_Dataset extract_
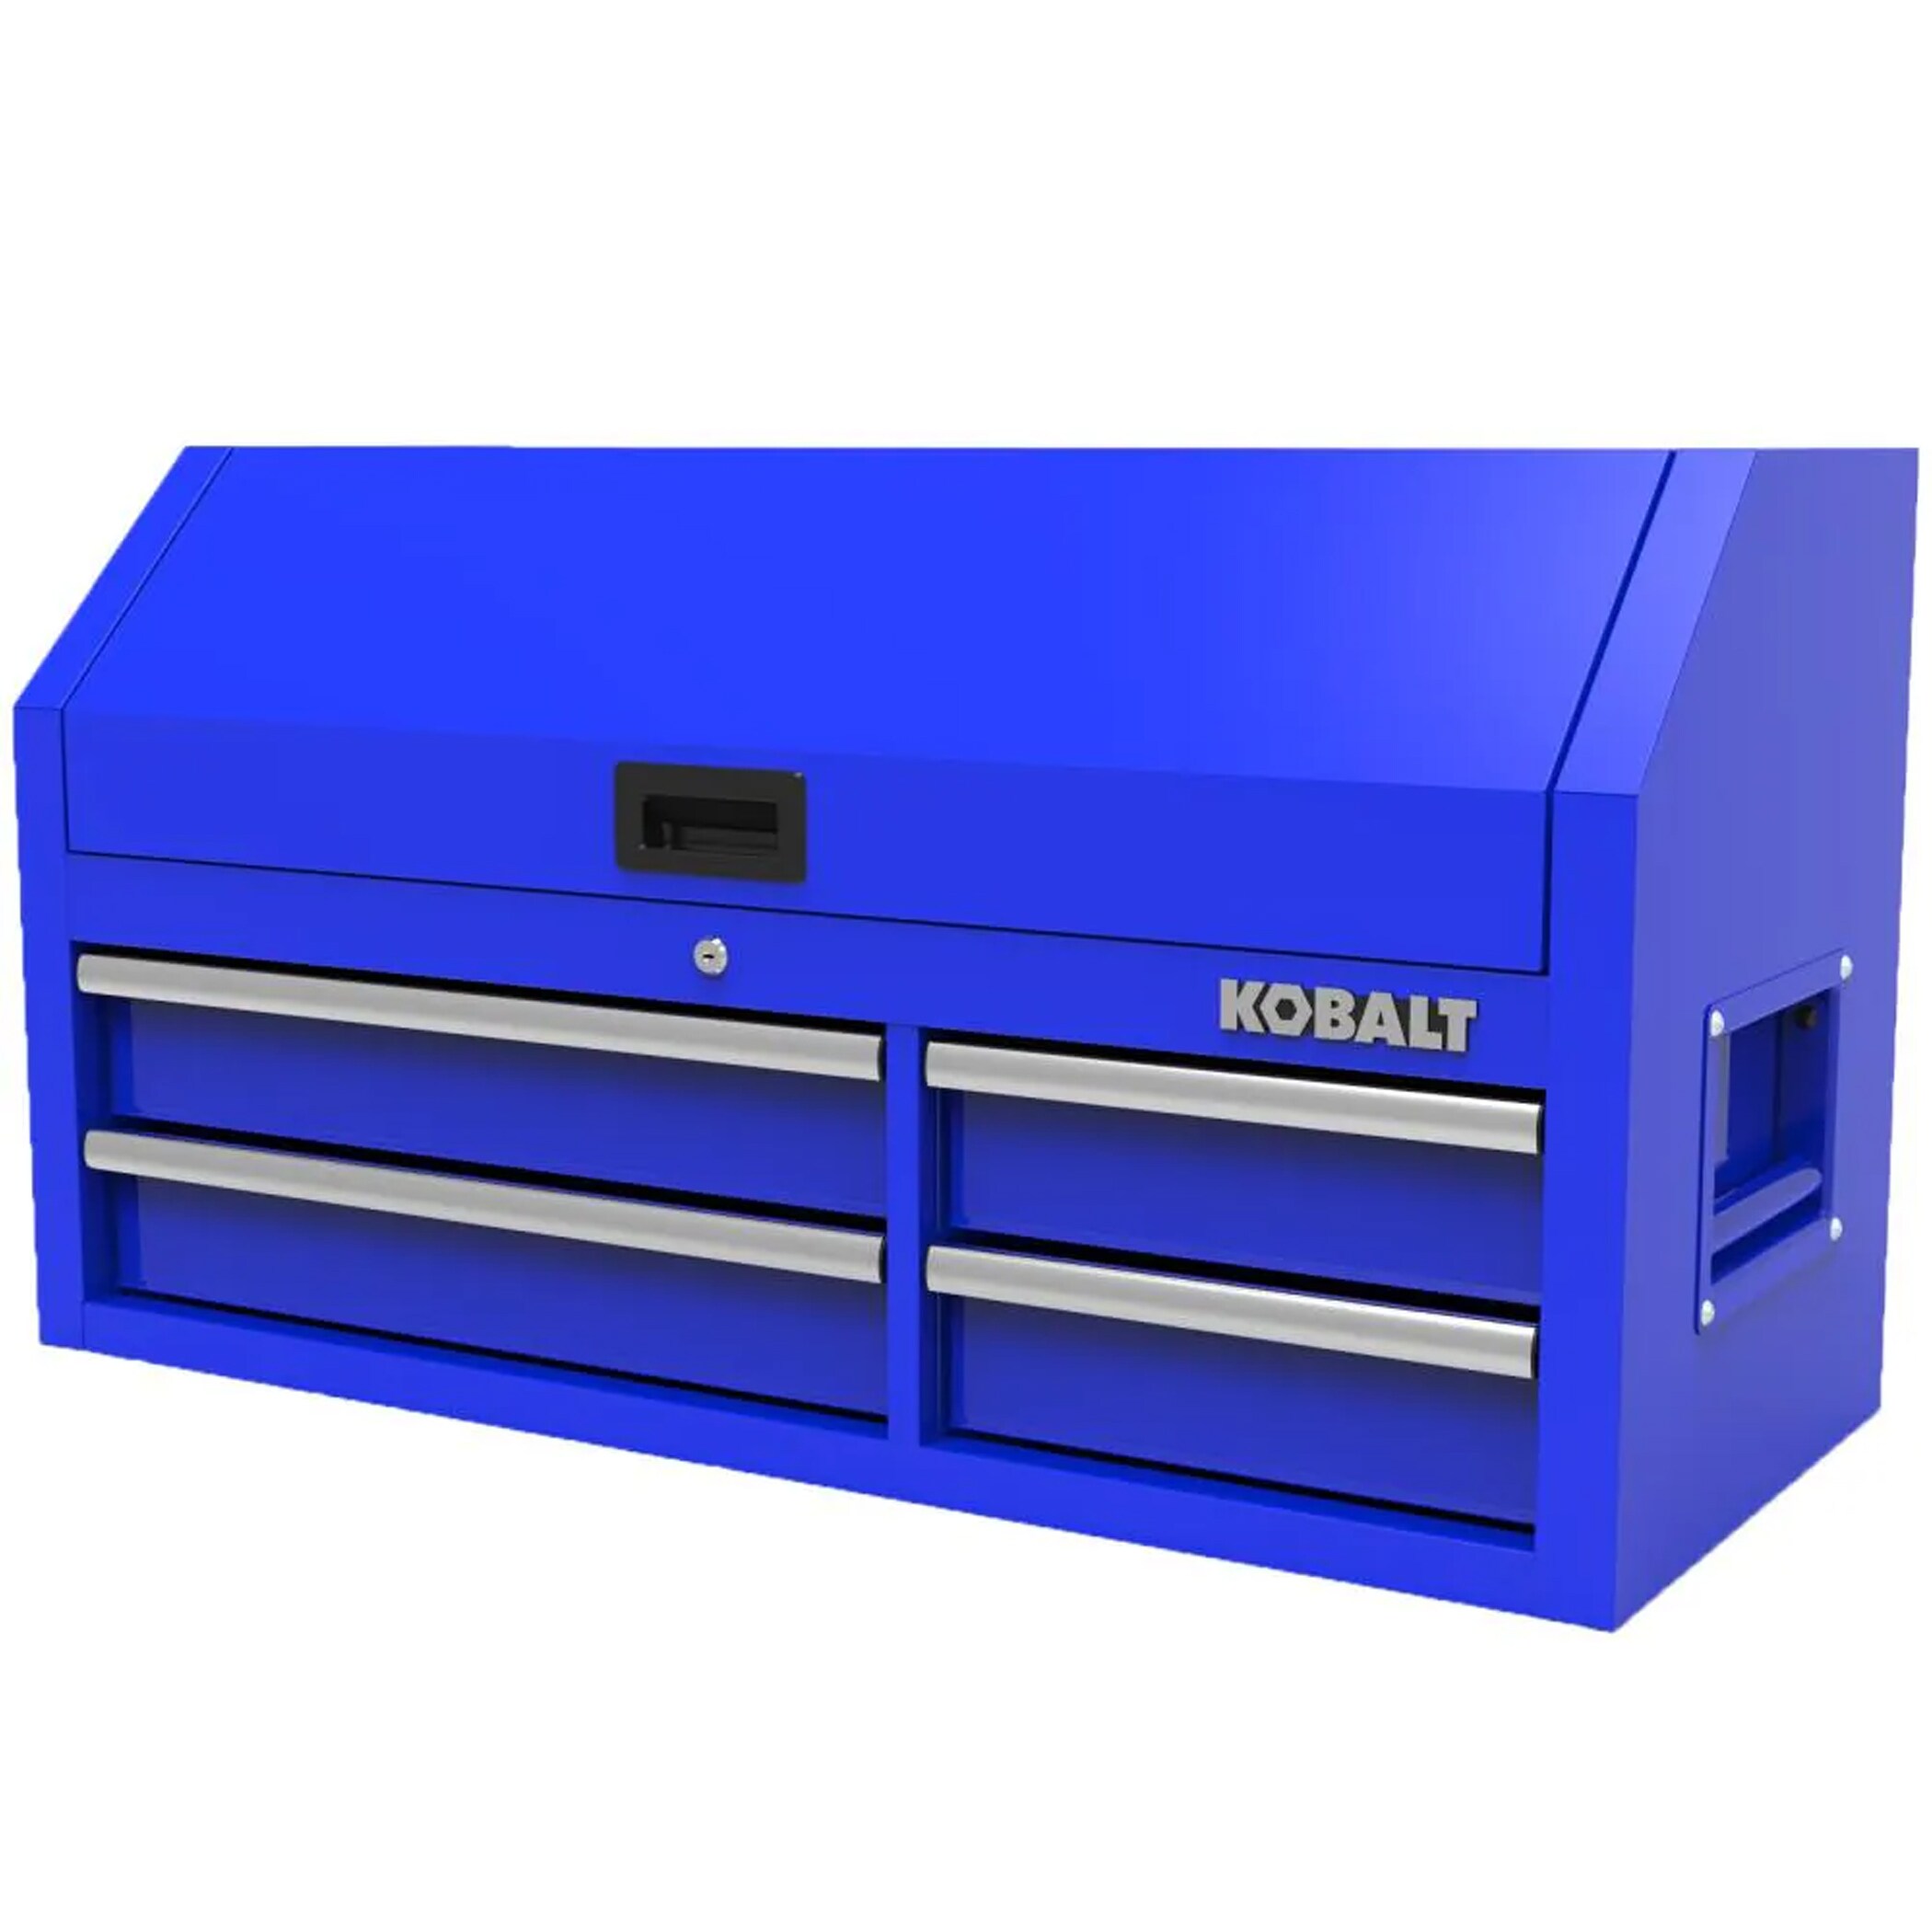 Kobalt Mini Toolbox, Industrial
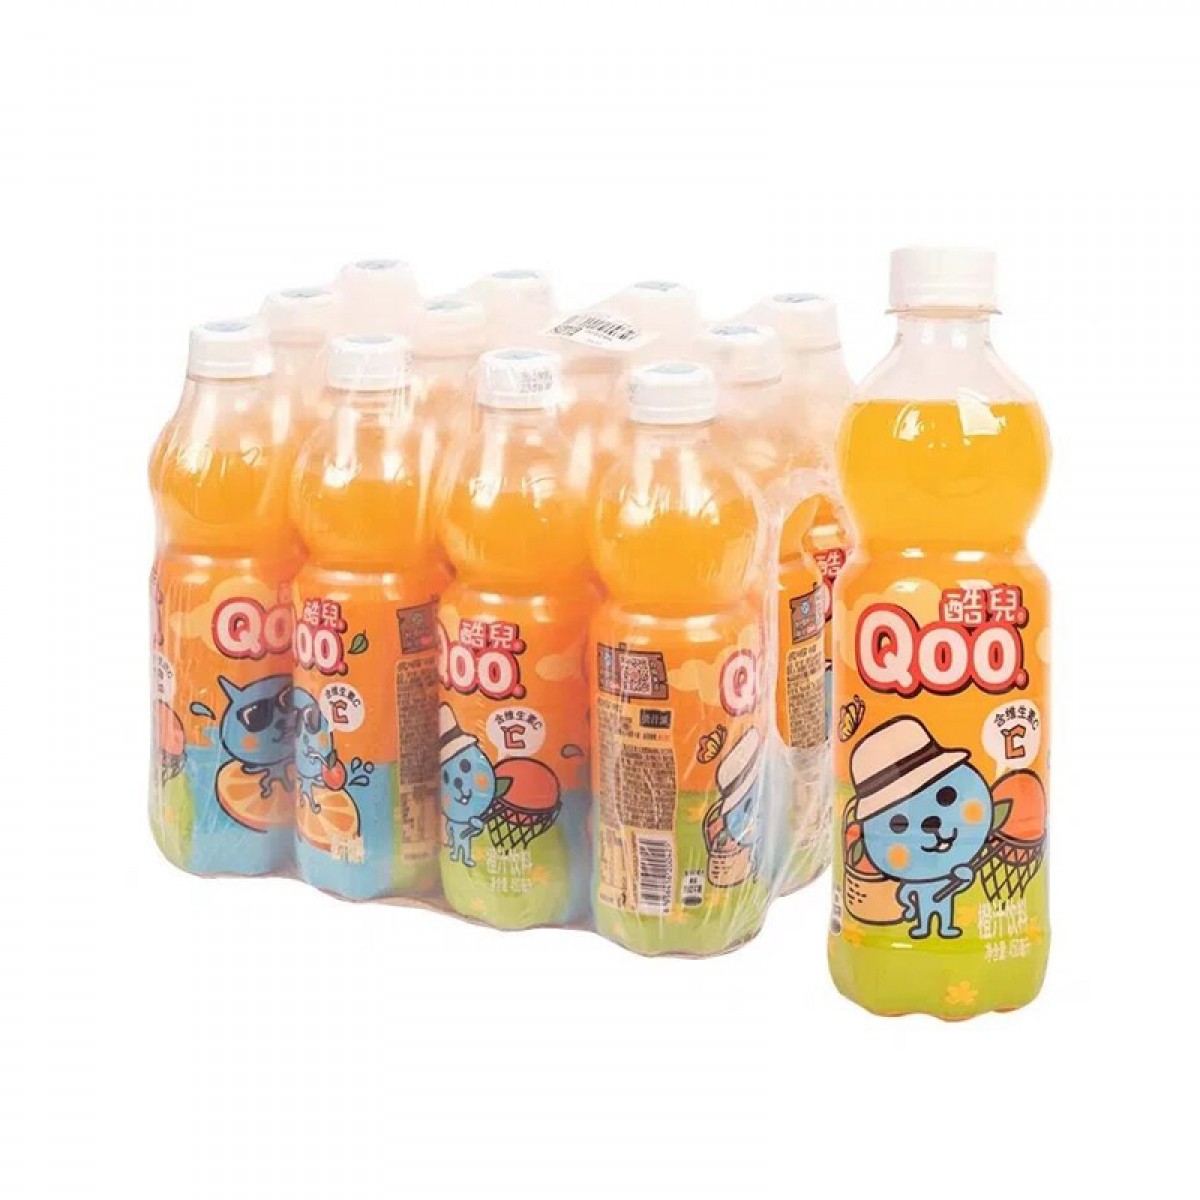 可口可乐 酷儿橙汁 450mlX12瓶  整箱装
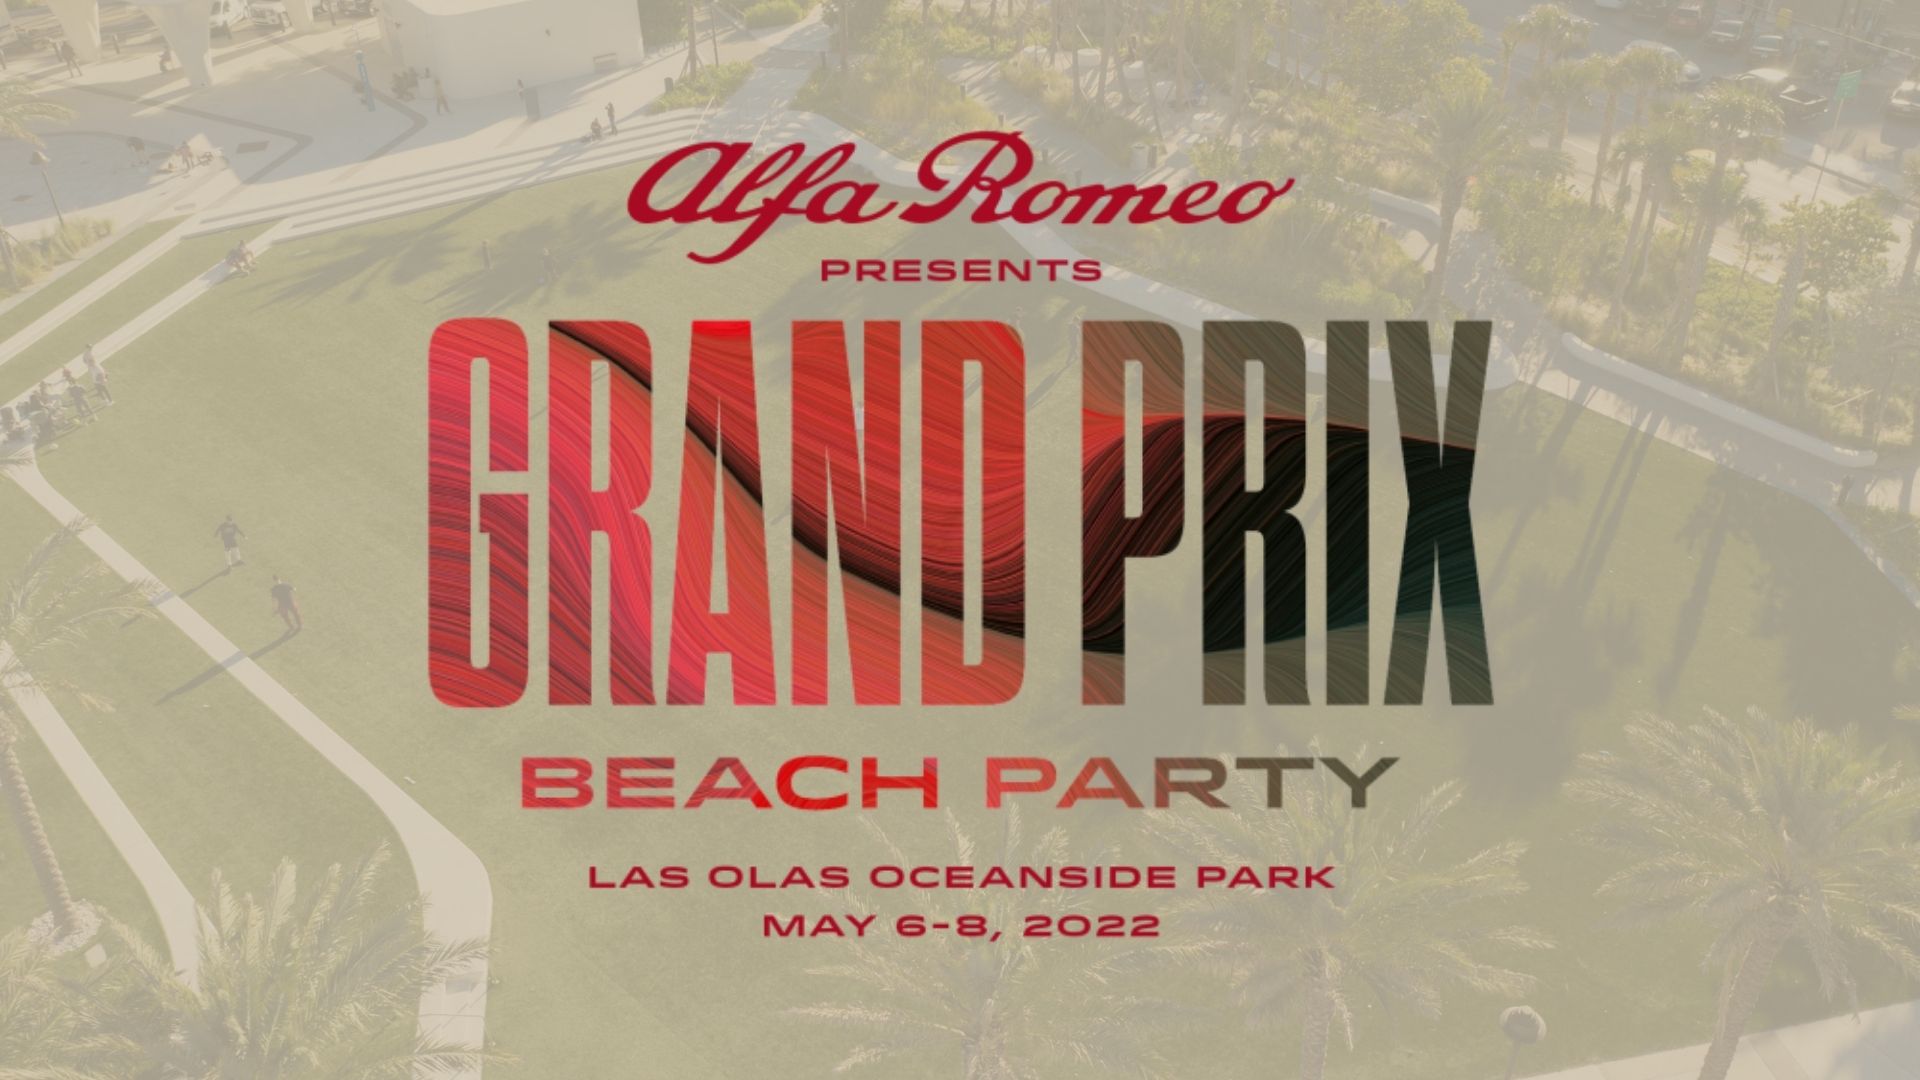 alfa romeo grand prix beach party

_How to complete this task_
Please write out, word for word, each line from the one with "可口可乐 酷儿橙汁 450mlX12瓶" to the last line of the data, keeping both ends and omitting pictures.

_Result_
 可口可乐 酷儿橙汁 450mlX12瓶  整箱装
 alfa romeo grand prix beach party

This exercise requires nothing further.